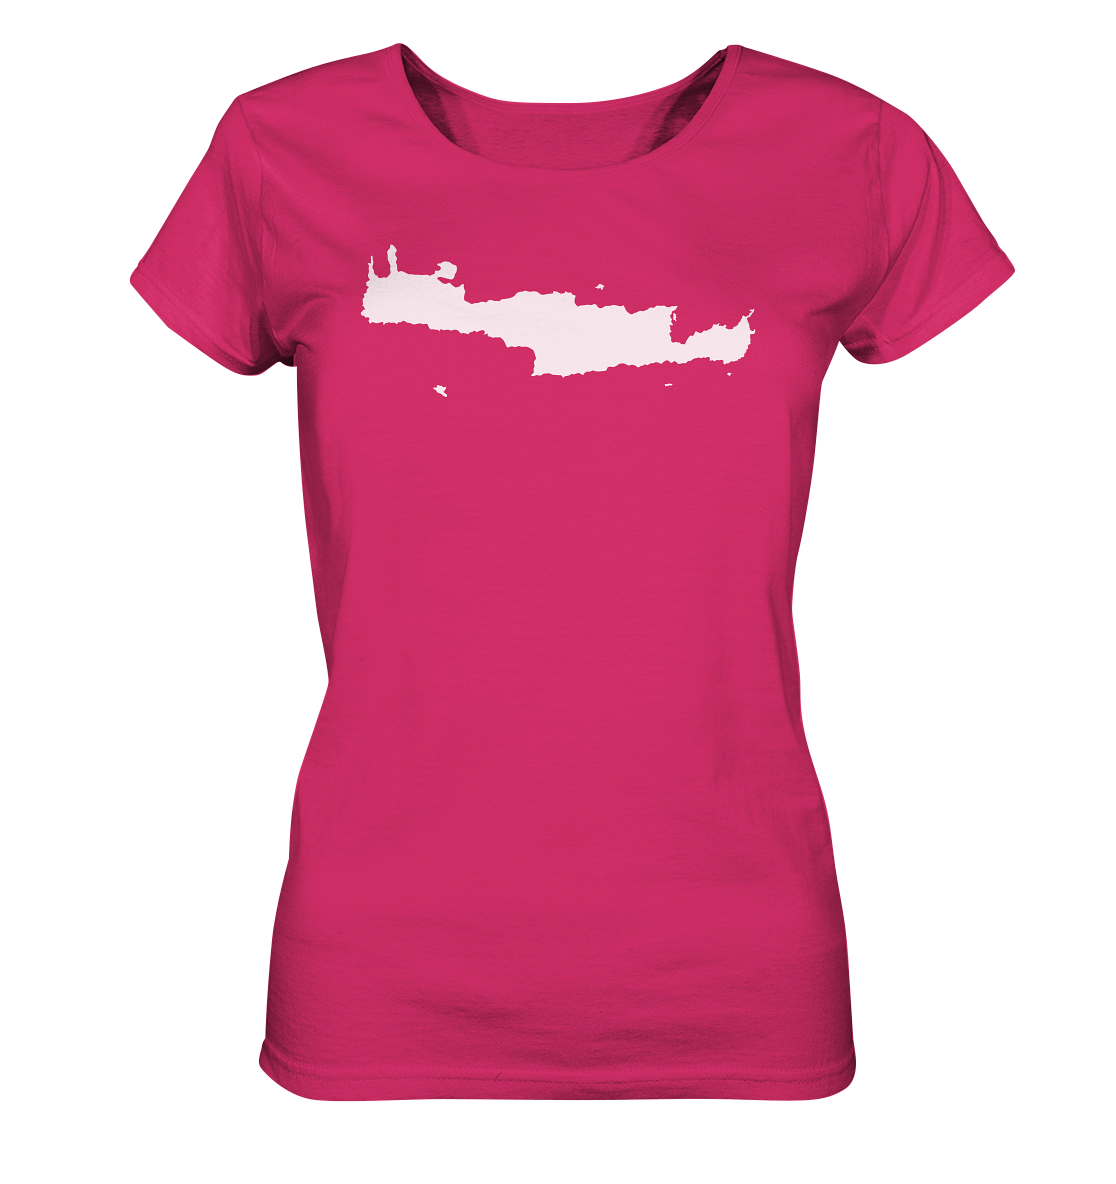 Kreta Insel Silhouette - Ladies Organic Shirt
━━━━
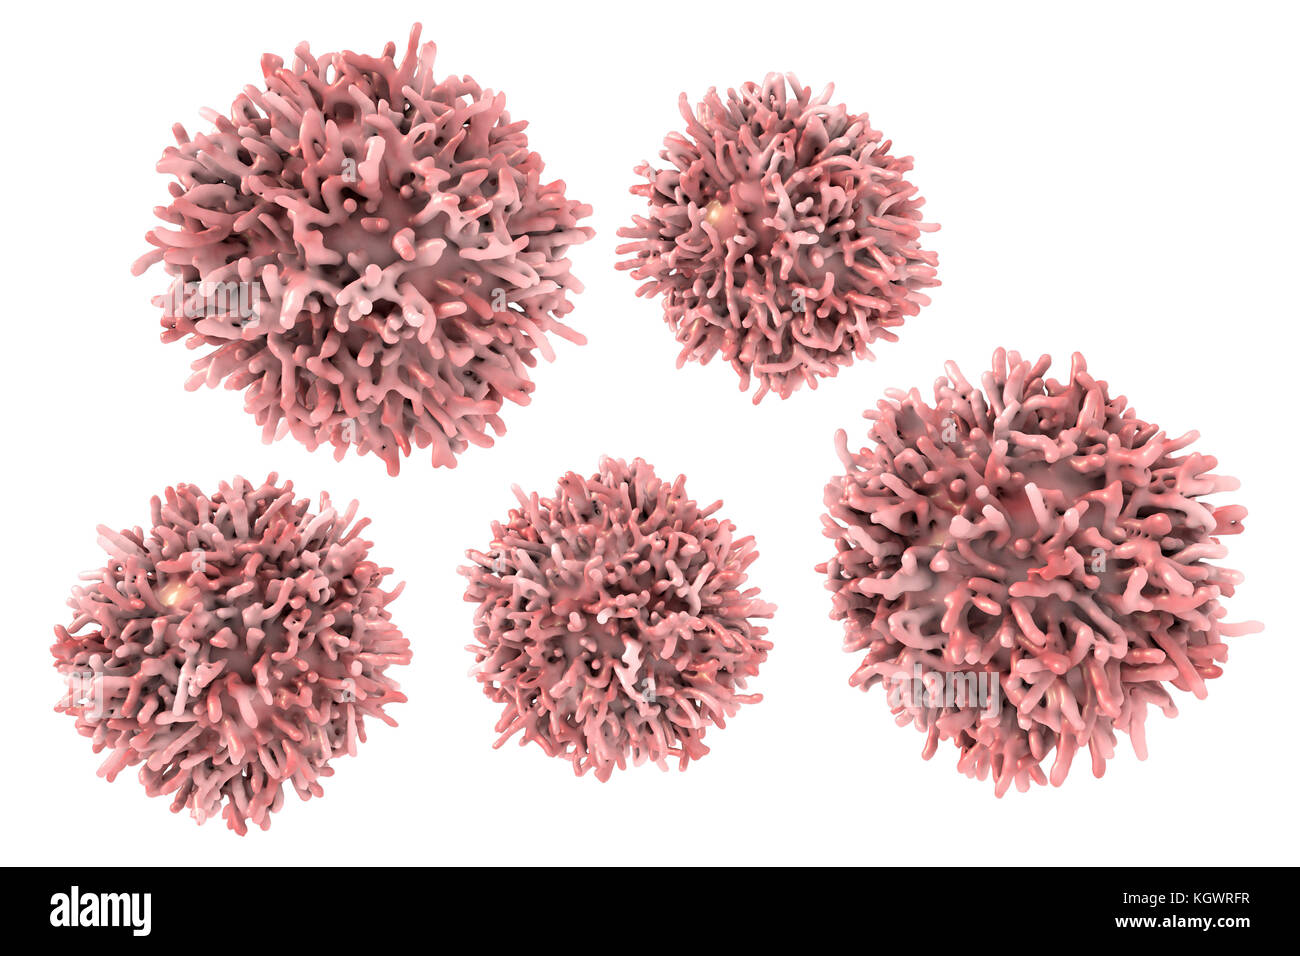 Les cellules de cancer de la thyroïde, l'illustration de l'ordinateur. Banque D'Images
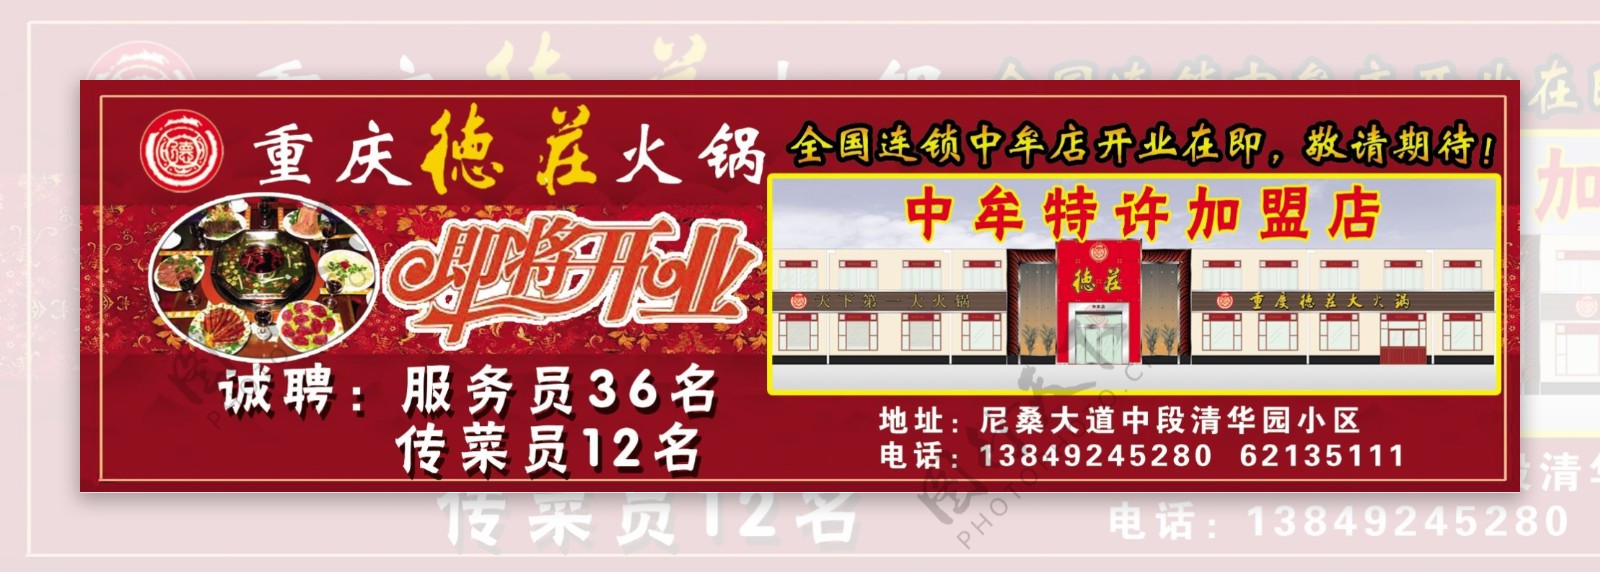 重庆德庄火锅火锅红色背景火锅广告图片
━━━━
:: EXERCISE GOAL ::
Print, word for word, the lines above that run from the line containing "Les cellules de" to the line containing "重庆德庄火锅火锅红色背景火锅广告图片", both included. Keep the pictures out.

:: SOLVED PROBLEM ::
 Les cellules de cancer de la thyroïde, l'illustration de l'ordinateur. Banque D'Images
 重庆德庄火锅火锅红色背景火锅广告图片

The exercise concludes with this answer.